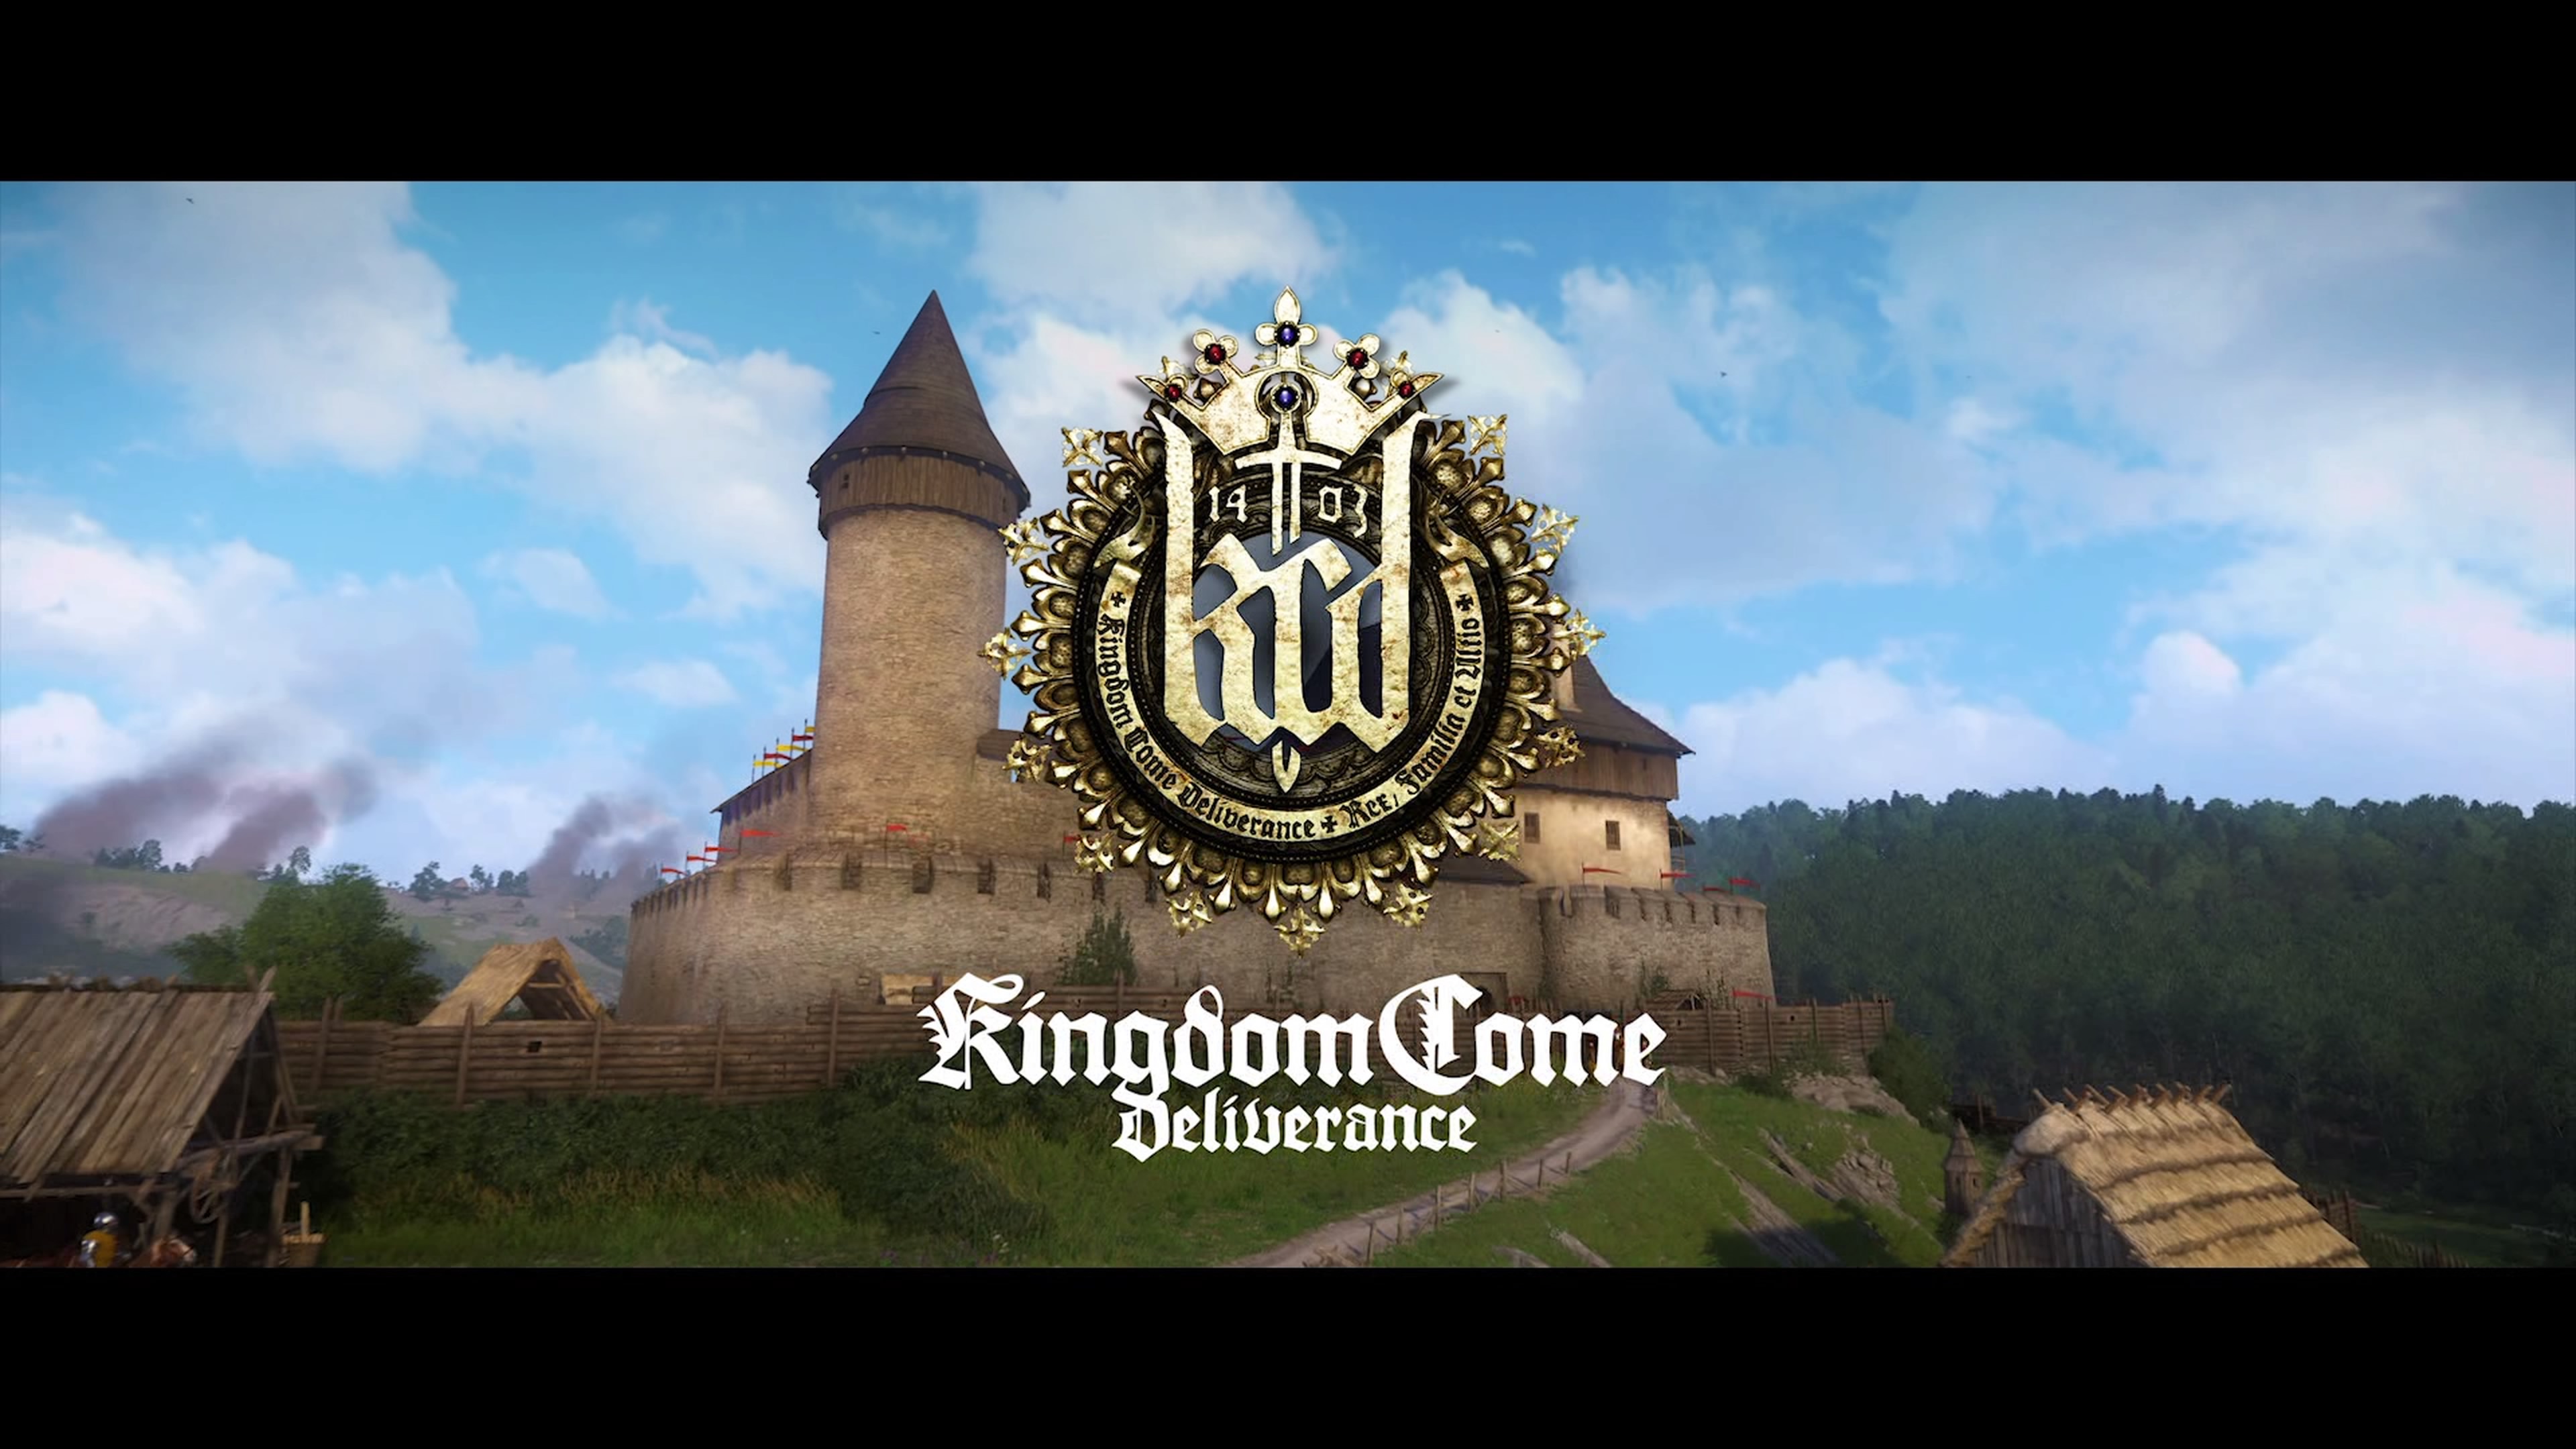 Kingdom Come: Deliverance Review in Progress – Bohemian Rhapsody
==
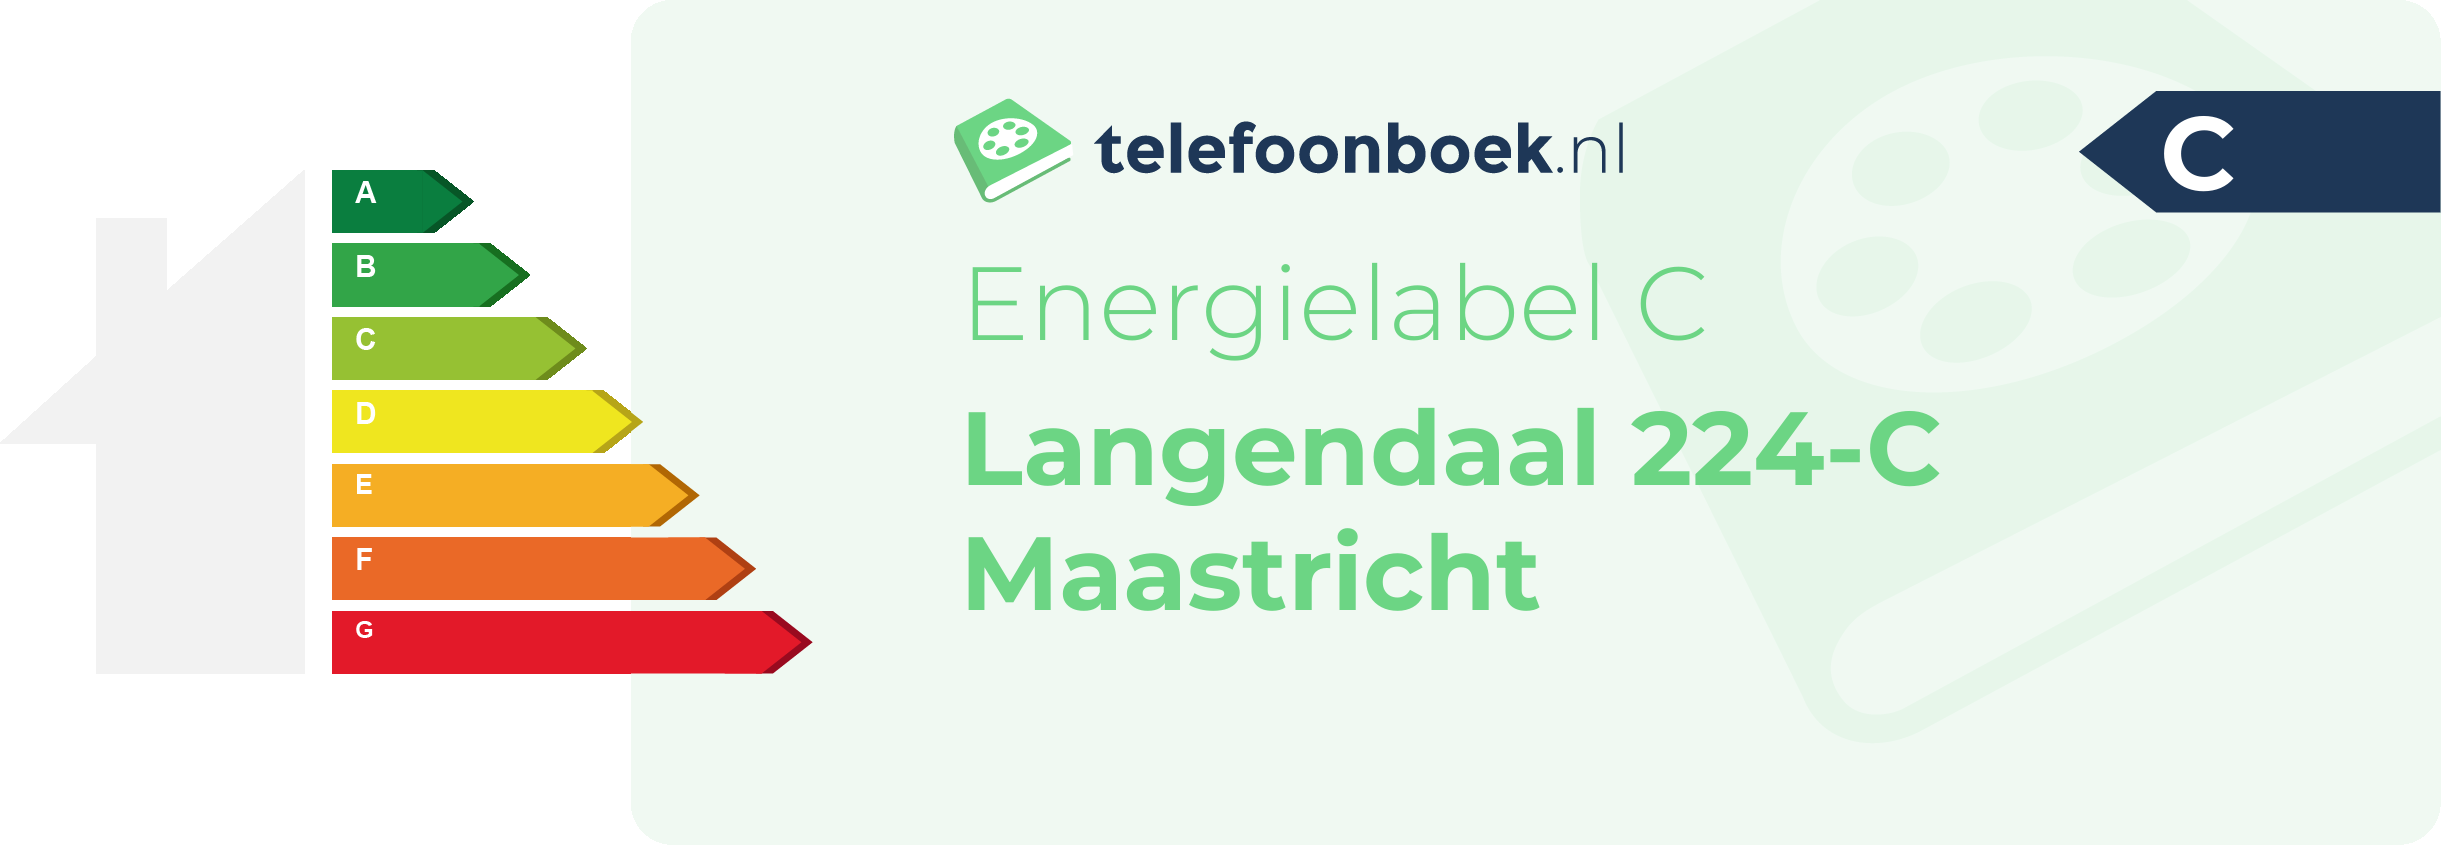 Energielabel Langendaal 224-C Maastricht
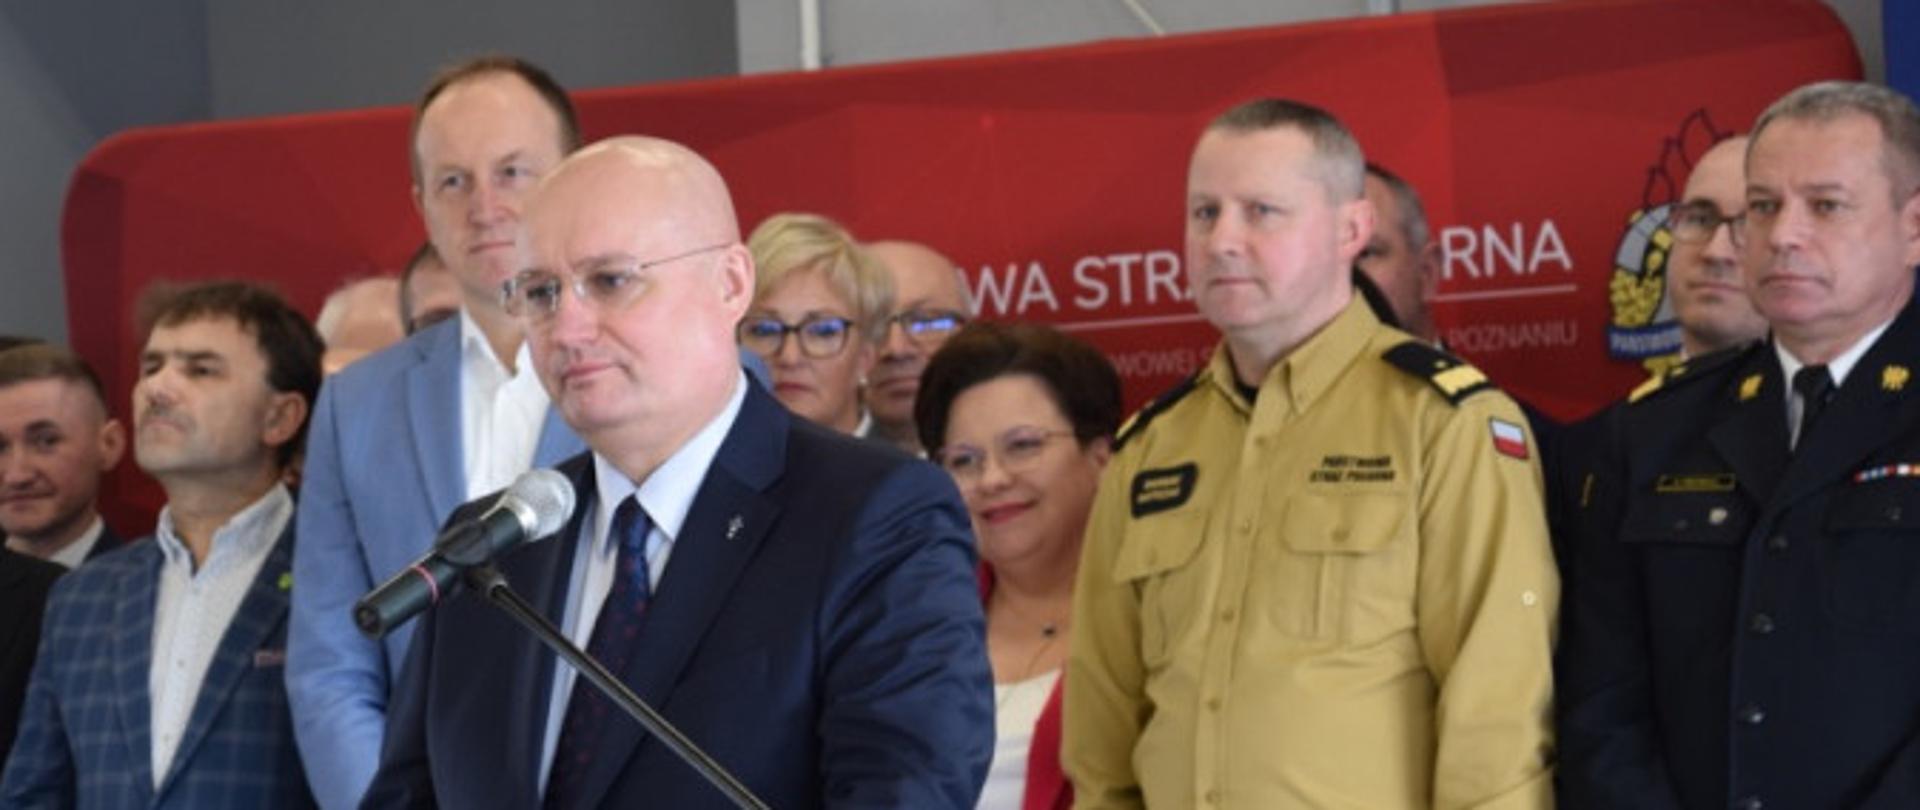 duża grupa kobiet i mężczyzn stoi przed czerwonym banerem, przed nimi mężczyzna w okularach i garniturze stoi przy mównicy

# Exercise goal
In the records above, everything from the line with "Energielabel Langendaal 224-C Maastricht" down to the line with "duża grupa kobiet" must be duplicated exactly, both lines kept. Leave no pictures in.

# Output
 Energielabel Langendaal 224-C Maastricht
 duża grupa kobiet i mężczyzn stoi przed czerwonym banerem, przed nimi mężczyzna w okularach i garniturze stoi przy mównicy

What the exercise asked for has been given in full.